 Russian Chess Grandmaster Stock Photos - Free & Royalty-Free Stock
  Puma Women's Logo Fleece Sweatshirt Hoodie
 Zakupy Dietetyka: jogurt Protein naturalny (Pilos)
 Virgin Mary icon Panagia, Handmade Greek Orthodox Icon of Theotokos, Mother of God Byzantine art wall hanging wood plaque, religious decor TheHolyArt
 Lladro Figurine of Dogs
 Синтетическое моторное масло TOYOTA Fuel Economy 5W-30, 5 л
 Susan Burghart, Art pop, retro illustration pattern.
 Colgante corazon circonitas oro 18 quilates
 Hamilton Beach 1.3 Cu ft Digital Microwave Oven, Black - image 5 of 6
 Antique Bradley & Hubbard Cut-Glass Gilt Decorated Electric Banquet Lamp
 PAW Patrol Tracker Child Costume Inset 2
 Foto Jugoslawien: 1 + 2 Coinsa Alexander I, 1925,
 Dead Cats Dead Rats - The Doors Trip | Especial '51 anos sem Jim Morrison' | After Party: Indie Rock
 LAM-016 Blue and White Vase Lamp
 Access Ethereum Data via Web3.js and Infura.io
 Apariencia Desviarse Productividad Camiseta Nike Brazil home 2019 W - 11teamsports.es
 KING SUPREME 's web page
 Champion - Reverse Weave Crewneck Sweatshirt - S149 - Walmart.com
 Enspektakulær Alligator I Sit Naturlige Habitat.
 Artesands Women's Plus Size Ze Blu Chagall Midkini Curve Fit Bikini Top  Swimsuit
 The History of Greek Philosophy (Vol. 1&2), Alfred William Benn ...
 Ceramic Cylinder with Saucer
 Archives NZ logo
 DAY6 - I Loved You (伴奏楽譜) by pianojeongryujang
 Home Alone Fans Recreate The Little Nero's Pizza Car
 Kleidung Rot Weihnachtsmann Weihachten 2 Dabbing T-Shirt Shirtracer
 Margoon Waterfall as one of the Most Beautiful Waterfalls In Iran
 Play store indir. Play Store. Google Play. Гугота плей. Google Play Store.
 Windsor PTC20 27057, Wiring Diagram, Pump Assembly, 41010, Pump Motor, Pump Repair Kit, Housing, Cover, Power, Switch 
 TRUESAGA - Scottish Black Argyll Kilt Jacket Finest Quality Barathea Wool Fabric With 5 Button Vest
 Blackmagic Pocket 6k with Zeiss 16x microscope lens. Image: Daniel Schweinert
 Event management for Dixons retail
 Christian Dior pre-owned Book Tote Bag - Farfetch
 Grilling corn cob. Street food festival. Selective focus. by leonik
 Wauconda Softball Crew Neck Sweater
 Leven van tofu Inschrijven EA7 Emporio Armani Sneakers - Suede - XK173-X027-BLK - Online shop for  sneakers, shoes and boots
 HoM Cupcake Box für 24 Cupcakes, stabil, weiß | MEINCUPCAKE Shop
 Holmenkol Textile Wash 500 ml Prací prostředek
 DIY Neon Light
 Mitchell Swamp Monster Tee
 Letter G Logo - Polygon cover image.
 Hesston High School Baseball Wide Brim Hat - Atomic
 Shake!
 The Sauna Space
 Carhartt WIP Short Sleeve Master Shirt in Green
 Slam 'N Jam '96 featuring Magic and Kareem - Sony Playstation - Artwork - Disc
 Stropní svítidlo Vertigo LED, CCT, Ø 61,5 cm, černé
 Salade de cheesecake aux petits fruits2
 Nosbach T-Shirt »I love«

* * *

▸ **Task**
Transcribe the full listing. Change nothing.

▸ **Problem solution**
 Russian Chess Grandmaster Stock Photos - Free & Royalty-Free Stock
  Puma Women's Logo Fleece Sweatshirt Hoodie
 Zakupy Dietetyka: jogurt Protein naturalny (Pilos)
 Virgin Mary icon Panagia, Handmade Greek Orthodox Icon of Theotokos, Mother of God Byzantine art wall hanging wood plaque, religious decor TheHolyArt
 Lladro Figurine of Dogs
 Синтетическое моторное масло TOYOTA Fuel Economy 5W-30, 5 л
 Susan Burghart, Art pop, retro illustration pattern.
 Colgante corazon circonitas oro 18 quilates
 Hamilton Beach 1.3 Cu ft Digital Microwave Oven, Black - image 5 of 6
 Antique Bradley & Hubbard Cut-Glass Gilt Decorated Electric Banquet Lamp
 PAW Patrol Tracker Child Costume Inset 2
 Foto Jugoslawien: 1 + 2 Coinsa Alexander I, 1925,
 Dead Cats Dead Rats - The Doors Trip | Especial '51 anos sem Jim Morrison' | After Party: Indie Rock
 LAM-016 Blue and White Vase Lamp
 Access Ethereum Data via Web3.js and Infura.io
 Apariencia Desviarse Productividad Camiseta Nike Brazil home 2019 W - 11teamsports.es
 KING SUPREME 's web page
 Champion - Reverse Weave Crewneck Sweatshirt - S149 - Walmart.com
 Enspektakulær Alligator I Sit Naturlige Habitat.
 Artesands Women's Plus Size Ze Blu Chagall Midkini Curve Fit Bikini Top  Swimsuit
 The History of Greek Philosophy (Vol. 1&2), Alfred William Benn ...
 Ceramic Cylinder with Saucer
 Archives NZ logo
 DAY6 - I Loved You (伴奏楽譜) by pianojeongryujang
 Home Alone Fans Recreate The Little Nero's Pizza Car
 Kleidung Rot Weihnachtsmann Weihachten 2 Dabbing T-Shirt Shirtracer
 Margoon Waterfall as one of the Most Beautiful Waterfalls In Iran
 Play store indir. Play Store. Google Play. Гугота плей. Google Play Store.
 Windsor PTC20 27057, Wiring Diagram, Pump Assembly, 41010, Pump Motor, Pump Repair Kit, Housing, Cover, Power, Switch 
 TRUESAGA - Scottish Black Argyll Kilt Jacket Finest Quality Barathea Wool Fabric With 5 Button Vest
 Blackmagic Pocket 6k with Zeiss 16x microscope lens. Image: Daniel Schweinert
 Event management for Dixons retail
 Christian Dior pre-owned Book Tote Bag - Farfetch
 Grilling corn cob. Street food festival. Selective focus. by leonik
 Wauconda Softball Crew Neck Sweater
 Leven van tofu Inschrijven EA7 Emporio Armani Sneakers - Suede - XK173-X027-BLK - Online shop for  sneakers, shoes and boots
 HoM Cupcake Box für 24 Cupcakes, stabil, weiß | MEINCUPCAKE Shop
 Holmenkol Textile Wash 500 ml Prací prostředek
 DIY Neon Light
 Mitchell Swamp Monster Tee
 Letter G Logo - Polygon cover image.
 Hesston High School Baseball Wide Brim Hat - Atomic
 Shake!
 The Sauna Space
 Carhartt WIP Short Sleeve Master Shirt in Green
 Slam 'N Jam '96 featuring Magic and Kareem - Sony Playstation - Artwork - Disc
 Stropní svítidlo Vertigo LED, CCT, Ø 61,5 cm, černé
 Salade de cheesecake aux petits fruits2
 Nosbach T-Shirt »I love«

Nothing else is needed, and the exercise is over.